Since the current Board of the NLAS is also its first formal Board and there is an AGM coming up in November where many of these people will be replaced, we thought it would be interesting to get each board member to answer a series of questions about themselves and their role with the NLAS. Over the next few weeks we will post each board members response to those questions. The final director in this series is Lori White who is the NLAS Treasurer and Finance Committee Chair.
Excavating on northwestern Baffin Island (Marc Pike).
- What sort of things do you do as the Treasurer and Finance Committee Chair?
As the Treasurer I oversee the financial health and transactions of the NLAS. I am the first person to hold the Treasurer position so much of my work has focused on laying the groundwork for the organization along with my fellow Board members. My tasks include setting up and managing our banking and financial accounts, as well as handling donations, project funds, and membership fees. The Treasurer is also responsible for working with the Board to prepare budgets and reports to meet deadlines by various internal and external agencies.
Along with my fellow Finance Committee members, Elaine Anton and Chelsee Arbour, one of our biggest goals was finally attained in August 2015 when the NLAS became a Registered Charity with the Canada Revenue Agency (woohoo!). So starting next year we can add ‘filing an income tax report’ to the list of duties to the Treasurer’s agenda.
Special projects closely overseen by the Treasurer and Executive include operating the Bookroom at the 2015 Annual Meetings of the Canadian Archaeological Association (CAA) in St. John’s this past spring, and partnering with the CAA to design and produce a chocolate artefact mold.
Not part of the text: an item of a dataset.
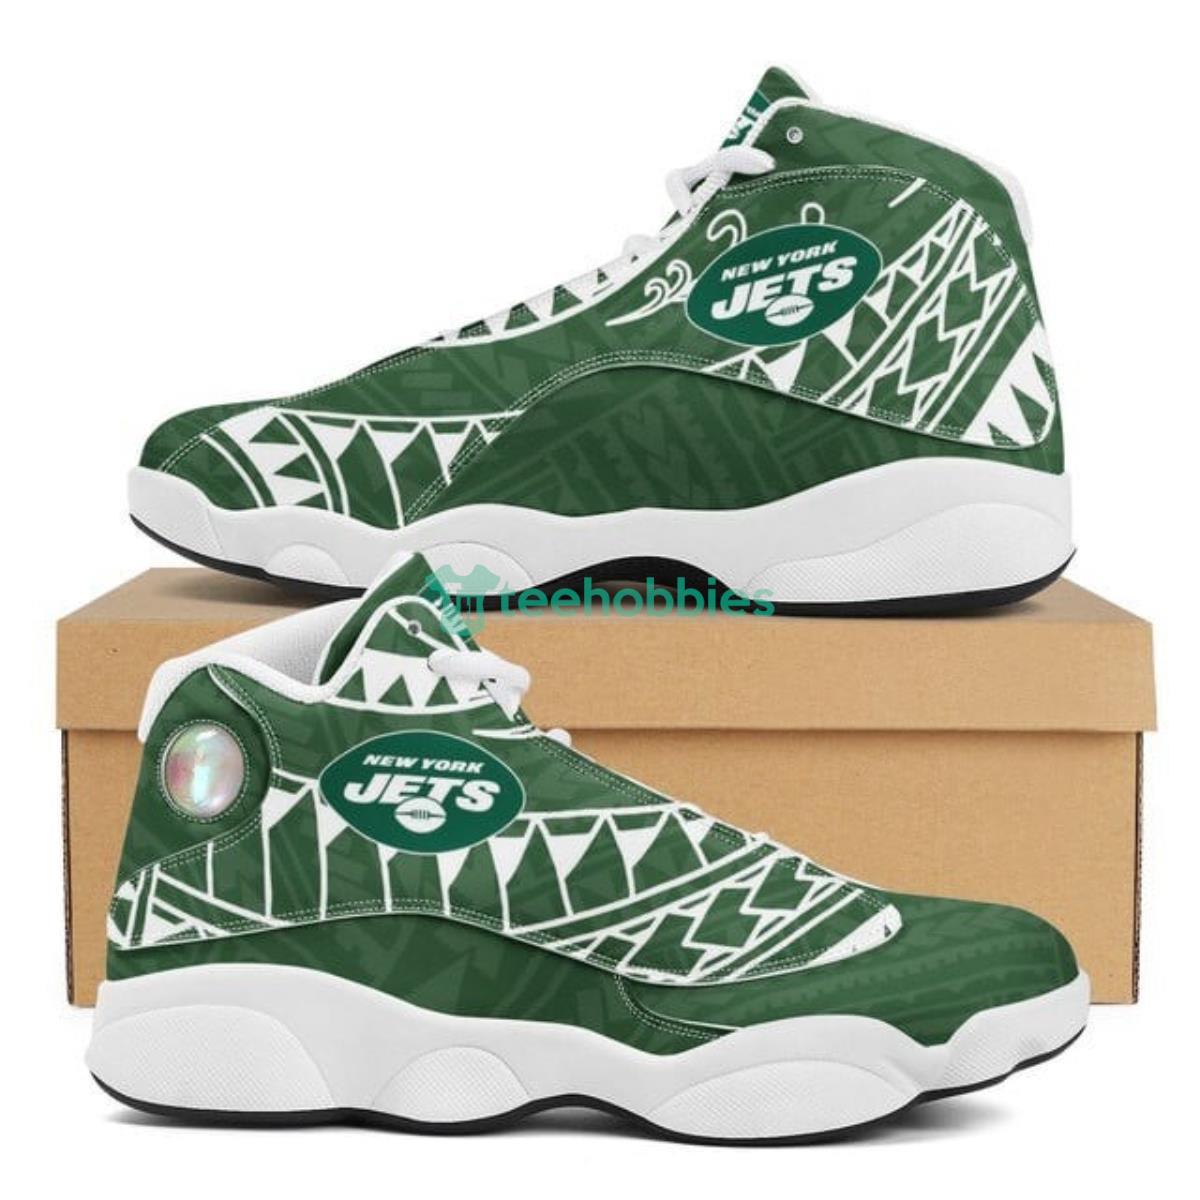 New York Jets Air Jordan 13 Shoes Running Casual Sneakers Product Photo 1

We introduced the ‘NLAS Chocolate Dorset Harpoon Head’ at the CAA meetings in May and they continue to be a successful fundraising product for the NLAS (limited stock still available for $3 each, or 2 for $5; milk or dark chocolate!).
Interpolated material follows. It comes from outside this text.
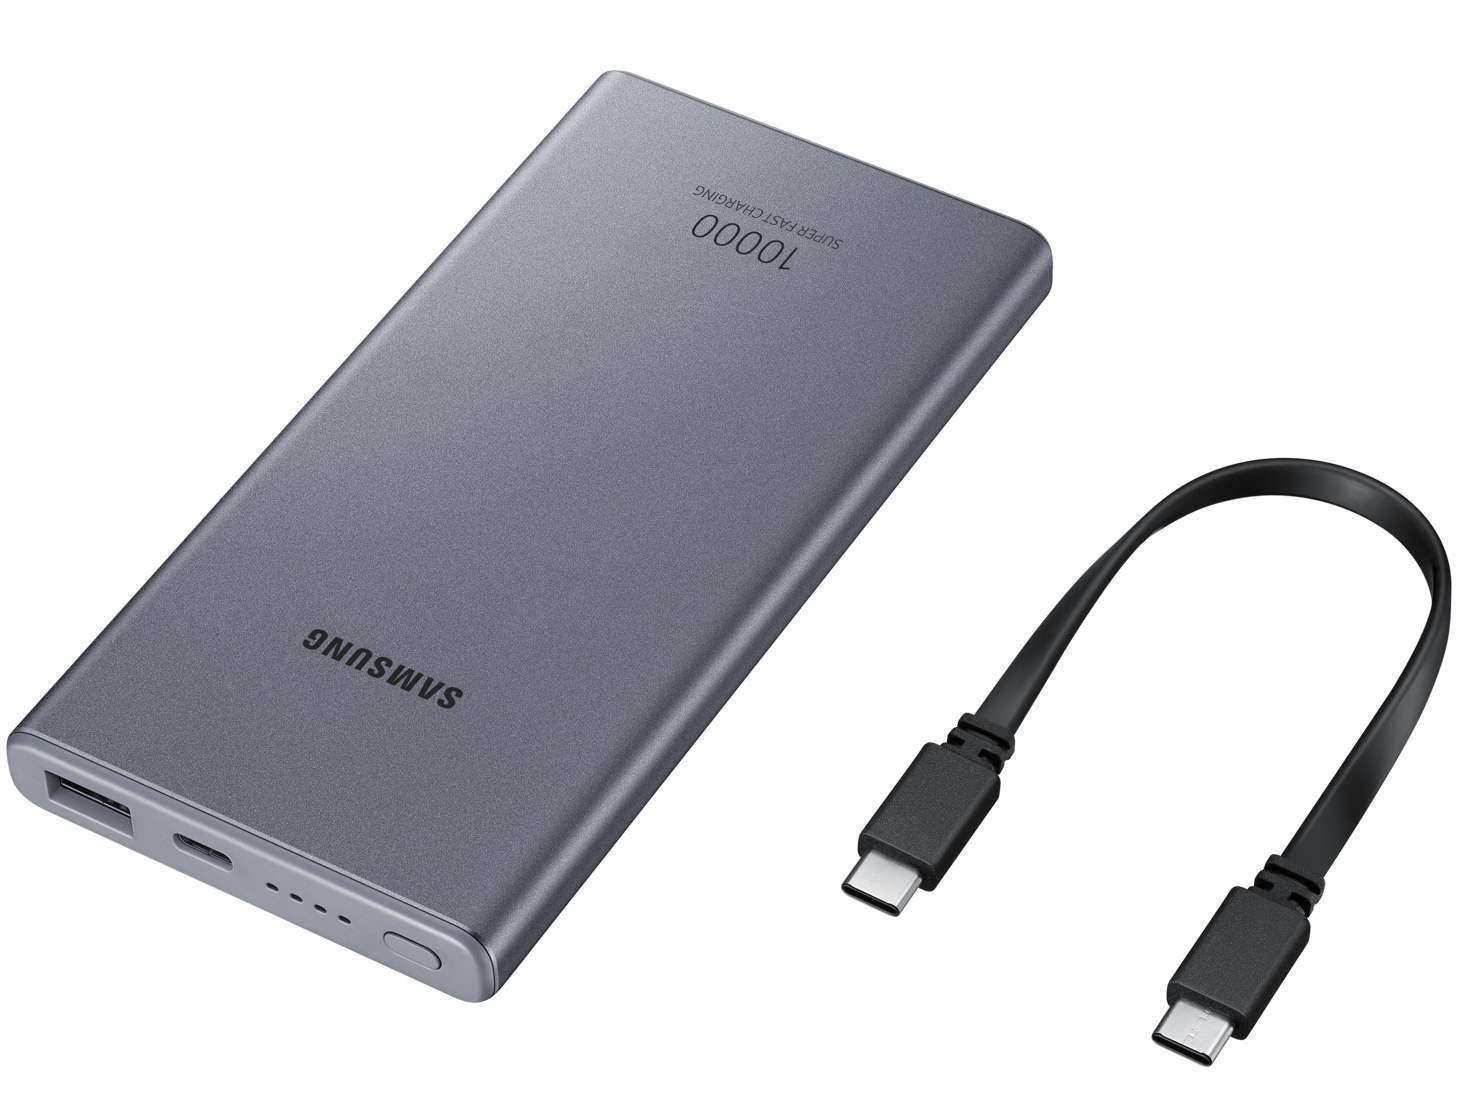 Samsung 10000mAh Fast Charge Portable Power Bank Review

NLAS chocolate Dorset harpoon head. Milk or dark chocolate (Lori White).
While the day-to-day duties for Treasurer may seem boring to some it’s been incredibly rewarding to see our membership grow and our committees successful in our funding applications so that we can offer our membership and the public more archaeology programming and special events.
- What was the most interesting site you have worked on?
I don’t have a favourite site but I have a favourite type of site. I’m most excited about sites focused on founder populations. What circumstances brought the first people to this region? This continent? This island? How did they transport themselves here? Where did they come from? How big was their group? Did they arrive in search of resources, or introduce non-native species? Why did they stay? In some cases, why did they leave or disappear? The sites I’ve personally worked on have all been coastal – Tonga, Fiji, and Baffin Island, with some brief experience on Prince Edward Island and in Labrador. My favourite field seasons have been spent answering some of the above questions alongside a team of multi-disciplinary peers and they’ve been some of the most memorable experiences of my life.
- If you could give yourself one piece of advice to help you along your archaeology path, what would it be?
Get your hands dirty and join an archaeology field project! Whether you are a student wanting to major in archaeology, or someone who simply has an interest in archaeology and travel, there are dozens –if not hundreds– of opportunities around the world to register or volunteer to gain archaeological fieldwork experience as part of your education, hobby, or even your vacation.
A dig will help you gain the skills required to excavate an archaeological site. Field schools offer students an opportunity to find out what they do/don’t like about fieldwork and artefact processing. It’s what cinched the deal for myself and many of my friends and colleagues; it’s where they decided they wanted to continue with active fieldwork to become research or commercial (cultural resource management) archaeologists, proceed with graduate school, become archaeology instructors/professors, technicians, collections managers, curators, and conservators. For laypersons interested in gaining a rich cultural experience while visiting a new destination, or exploring local excavations in areas that offer such programs, the hands-on experience you earn by joining an archaeology dig can be both exciting and rewarding.
I realize fieldwork opportunities often come with a price tag and it’s not always an option for everyone. It would be great to see the NLAS offering a local public archaeology dig program to our members in the future.
Getting dirty on a Northwest Coast fieldschool in Scowlitz, BC.
- When I think about the future of the NLAS, I hope…
The organization continues to grow in membership and enthusiasm so we can implement and expand our huge wish-list of projects and programming; including dig programs, awards, research assistant-ships, field trips, public lecture series, conferences, student internships, a full chocolate box of NL artefact types, and community partnerships… to name just a few.
I also hope the NLAS is around long enough that no one will remember what a pain it was to obtain our Registered Charity status.